Conceptual representation of the three parallelization strategies described in the caption.
In the single executable strategy (shown on the left), all the cores on a node are used by OpenMP threads with access to the same virtual memory. In the pure MPI strategy, each core on the node runs an independent task with independent virtual memory. In the hybrid strategy (middle), the cores are divided into groups with one MPI task and several OpenMP threads per group. Memory is shared within each group.

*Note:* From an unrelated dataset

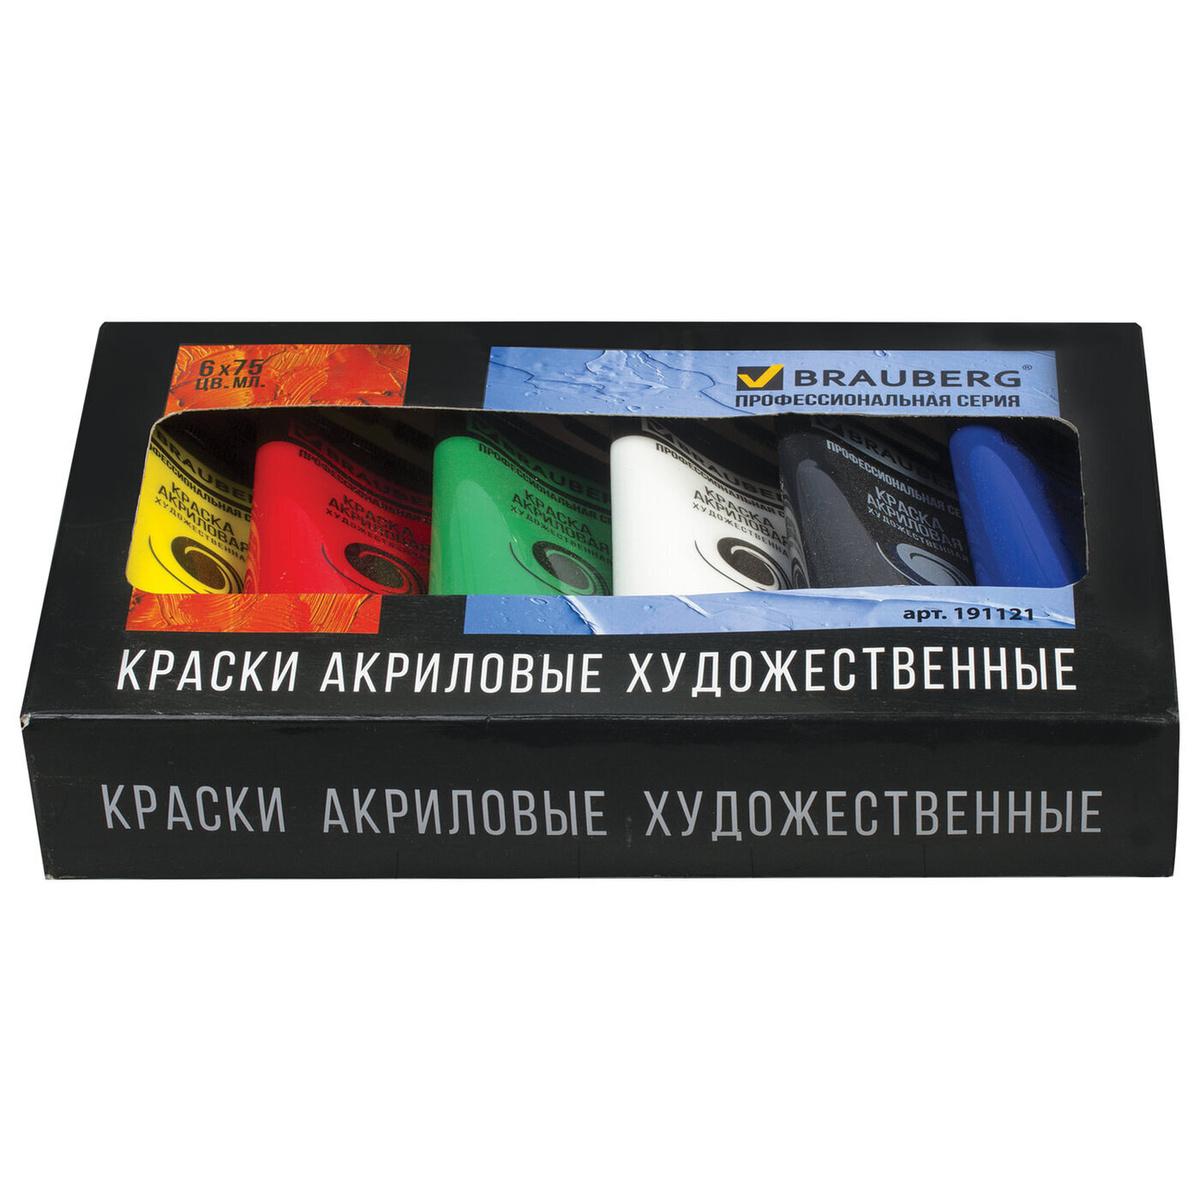 Краски акриловые художественные профессиональные в тубах для рисования, набор из 6 цветов по 75 мл, Brauberg #1

Assuming that you intend to use OpenMP in your application, where should you insert the directives to begin turning your serial code into parallel code? Ideally, this has been part of your plan from the beginning, and your code was designed with parallelization in mind. But if not, it is critical to have an understanding of where your application spends its time when working on a typical problem. Using profiling to determine the "hotspots" where the most time is spent is an important step in the process when developing parallel applications. In some cases, there is a single loop buried far inside the program where more than 95% of the time is spent. If that is your situation, then it's that loop that you should consider putting into a parallel construct, if it is eligible for OpenMP parallelization.

Which raises the question, what makes a code section eligible for OpenMP? In order for loops or program sections to be divided up and computed concurrently in separate threads, there must be few or no data dependencies between them. One common HPC application involves computing time series for a problem. There are generally many dependencies between the values of variables at each successive step and the values they had at the preceding step, so it is impractical to consider using OpenMP to compute multiple steps concurrently. However, the work involved in calculating values for the next step generally involves only variables from steps that have already been calculated, so that work can be parallelized. It is important to be aware of what the needs are for your particular case.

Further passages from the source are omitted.